What format should the data have?

The binary file must represent a 2D array of shape (num_samples, num_channels).

Data must be stored in sample-major (channel-interleaved) order — all channel values for the first sample come first, followed by all channel values for the second sample, and so on.

Each value must match the specified data_type. Supported data types include:

int8, uint8
int16, uint16
int32, uint32
int64, uint64
float32, float64

The file must contain only the signal data — no headers, markers, or extra content — unless explicitly handled via parameters like header or sample_offset.

What does the probe geometry represent?

The probe_geometry defines the physical layout of the recording sites. It must be a NumPy array of shape (num_channels, 2), where each row gives the (x, y) position (in micrometers) of one channel on the probe.

This layout is used for:

Grouping nearby channels during waveform extraction
Tracking and aligning drifting neurons across time.

Warning

The order of channels in probe_geometry must exactly match the order in the binary file. If your acquisition software saves channels in a different order, you must permute the probe accordingly.

How to define the probe layout

You can define the probe manually or load it from a file.

Example: a vertical probe with 16 channels spaced 20 micrometers apart:

import numpy as np
from spikesift import Recording

probe = np.array([[0, i * 20] for i in range(16)], dtype=np.float32)

recording = Recording(
    binary_file="recording.dat",
    data_type="int16",
    probe_geometry=probe,
    sampling_frequency=20000
)

Note

If your probe is stored in .prb, .json, .nwb, or other formats, consider using the probeinterface library to convert it into a NumPy array.

How to handle headers and padding

If the binary file contains metadata or padding before the actual data, use:

header: number of bytes to skip at the beginning of the file
sample_offset: number of samples (not bytes) to skip after the header

These options help SpikeSift locate the start of the valid signal.

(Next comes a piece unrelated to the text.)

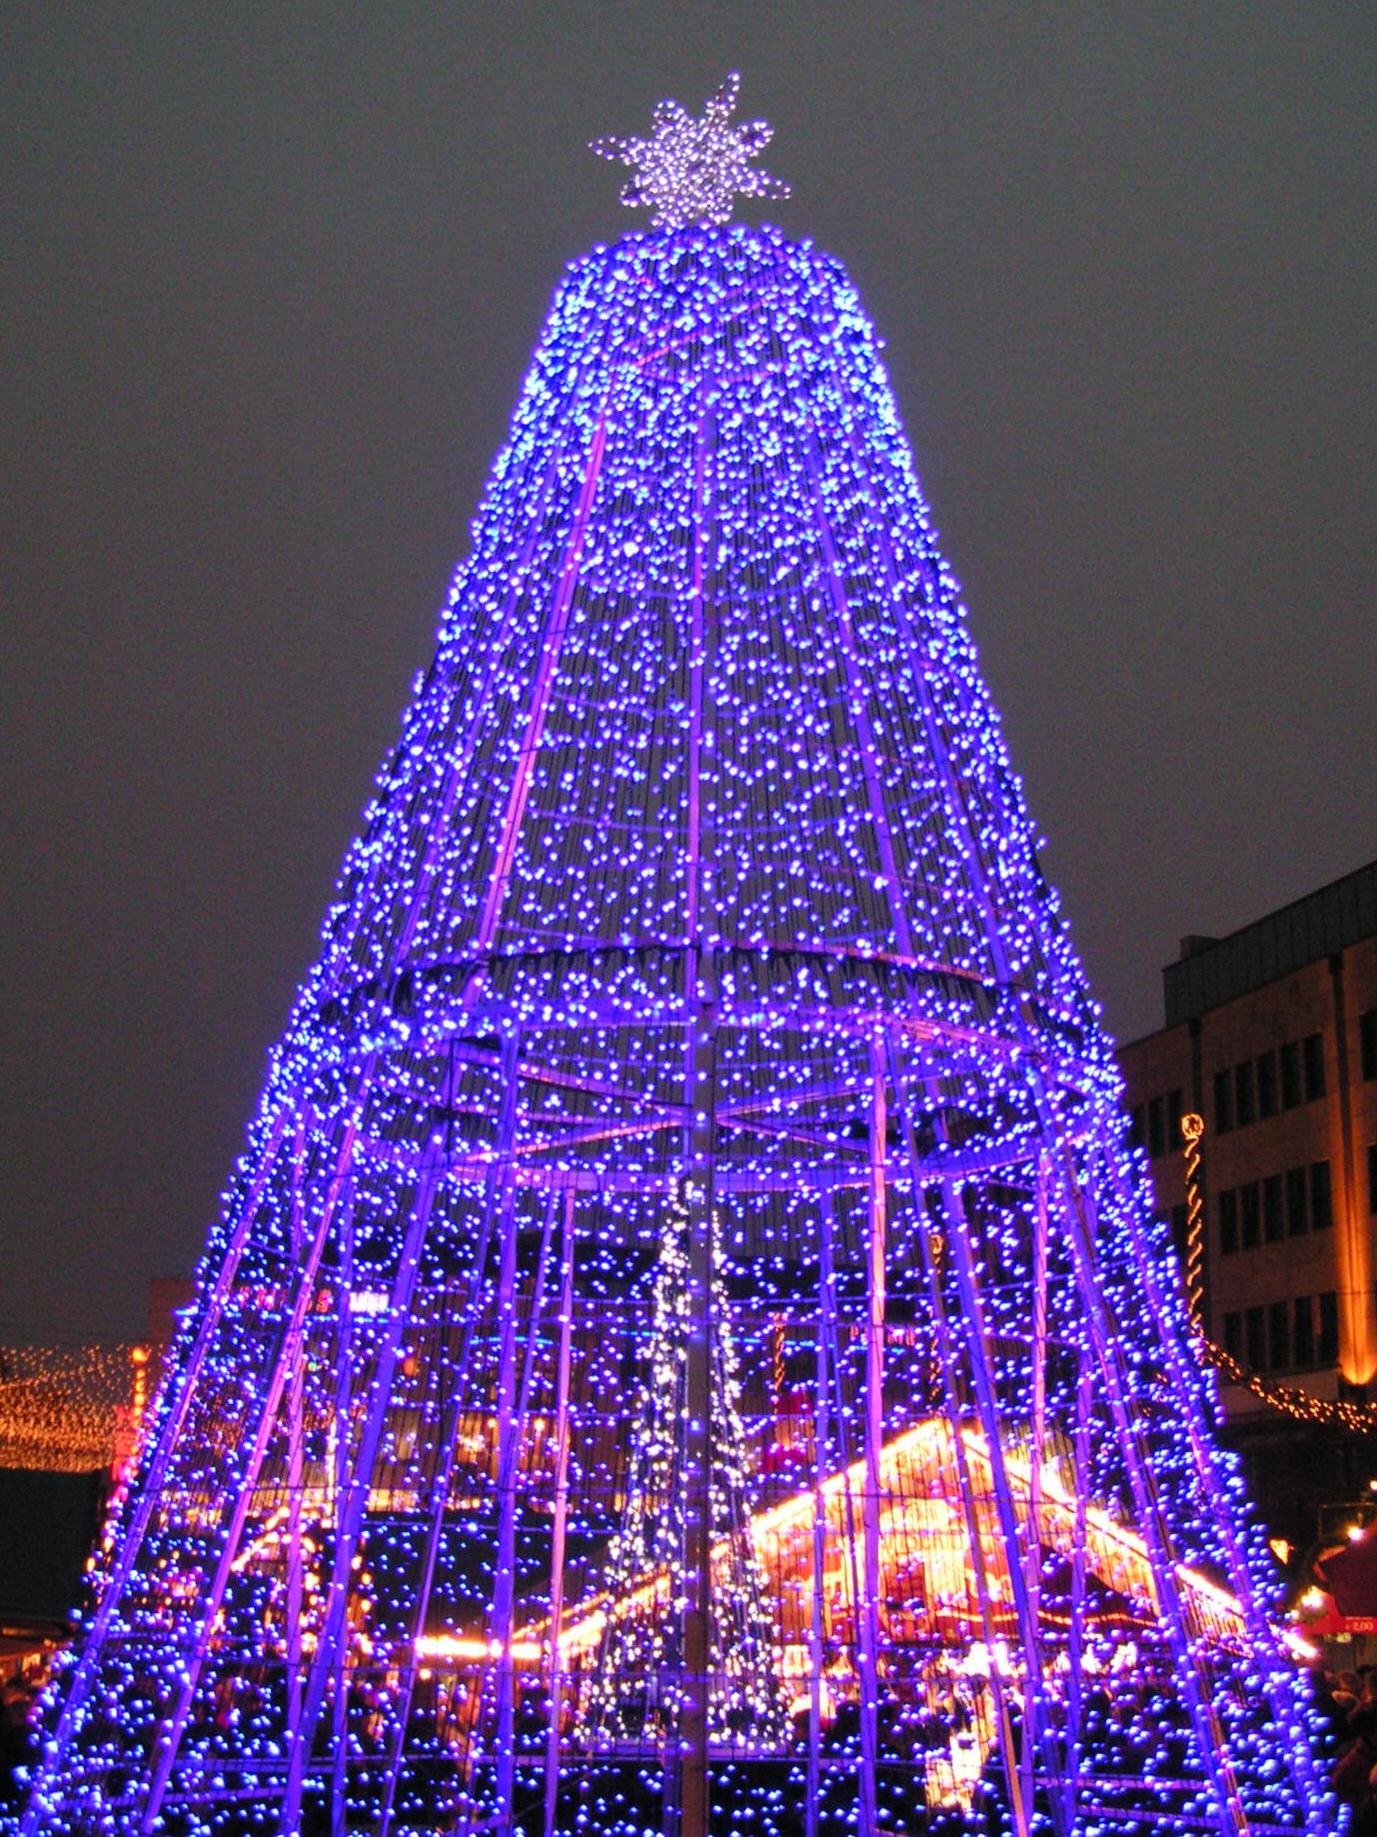 öffnungszeiten Essen Weihnachtsmarkt.Datei Essen Weihnachtsmarkt Jpg Wikipedia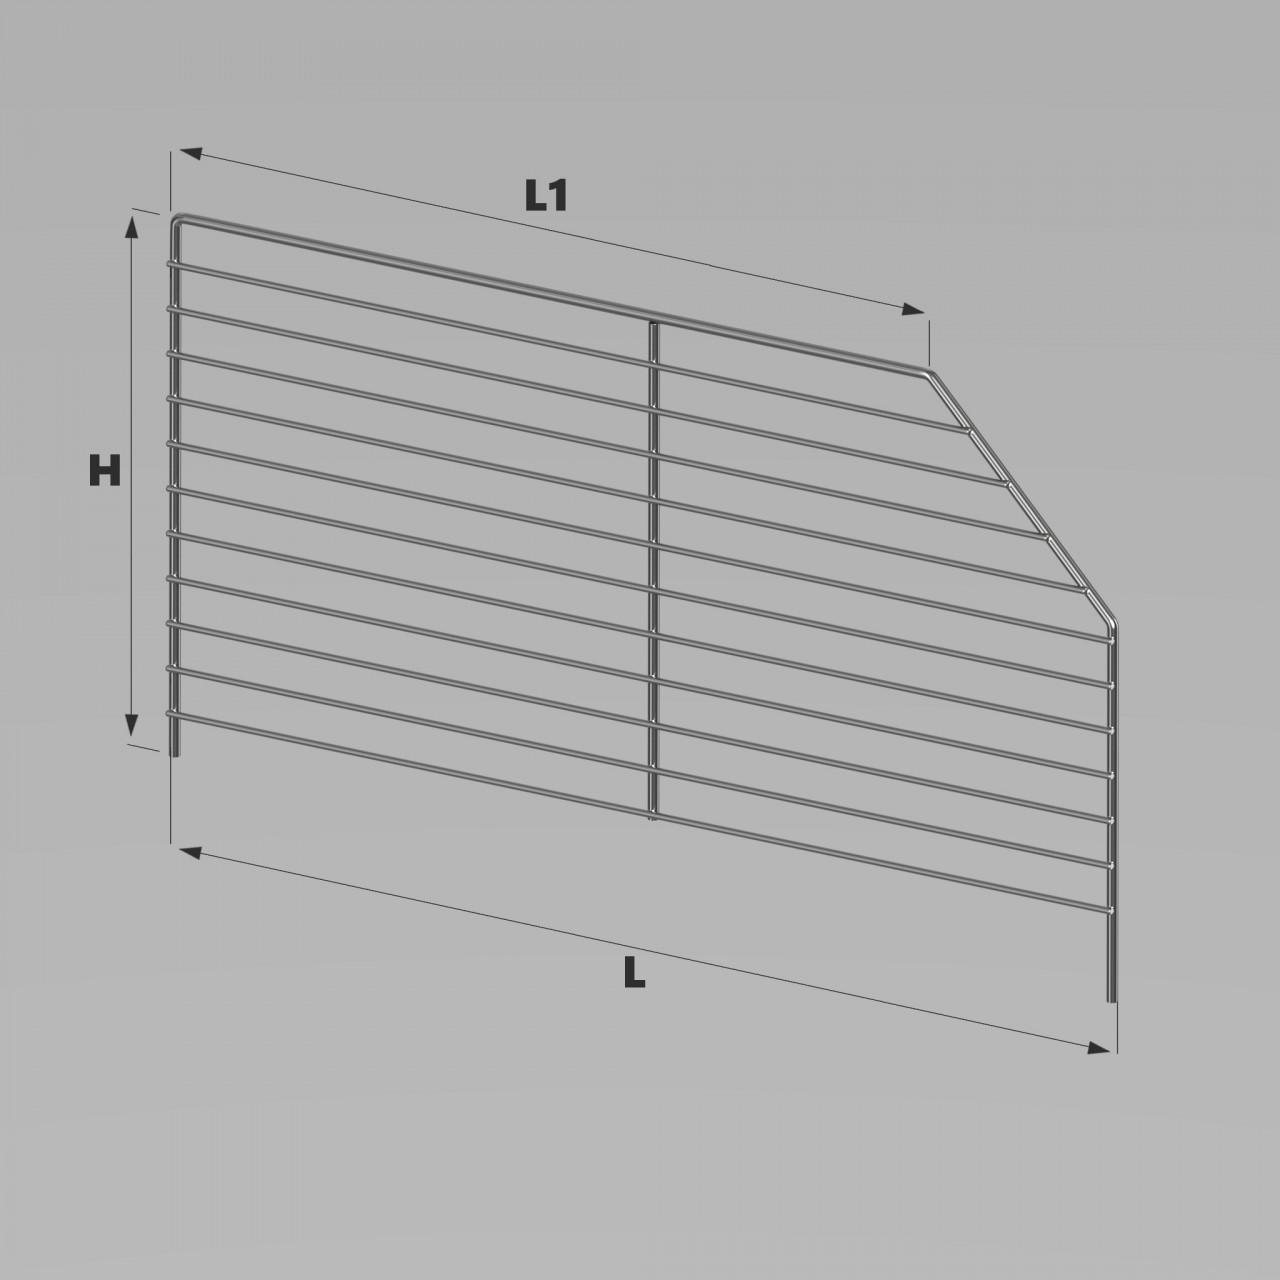 abbastanza Divisori trapezoidali c&c   SAEL accessori in filo metallico per  RJ87

Example: skip a 1024-byte header and 1000 samples of padding:

recording = Recording(
    binary_file="recording_with_header.dat",
    data_type="float32",
    probe_geometry=probe,
    sampling_frequency=30000,
    header=1024,
    sample_offset=1000
)

Other useful parameters

Additional arguments provide greater flexibility:

num_samples: Restricts how many samples to read (after applying header and sample offset). Useful if the file contains trailing padding or you only want to sort a portion.
recording_offset: Sets the logical start time (in samples) of this recording within a larger session. This does not affect how data are read — only how spike times are reported. This is essential for aligning multiple recordings.

Example: read 5 seconds of data and report spike times as if the recording started at 60 seconds:

recording = Recording(
    binary_file="block.dat",
    data_type="int16",
    probe_geometry=probe,
    sampling_frequency=30000,
    num_samples=5 * 30000,          # only read 5 seconds
    recording_offset=60 * 30000     # treat this as starting at t = 60s
)

Note

recording_offset ensures that spike times from separate files or blocks remain correctly aligned in time when merging them.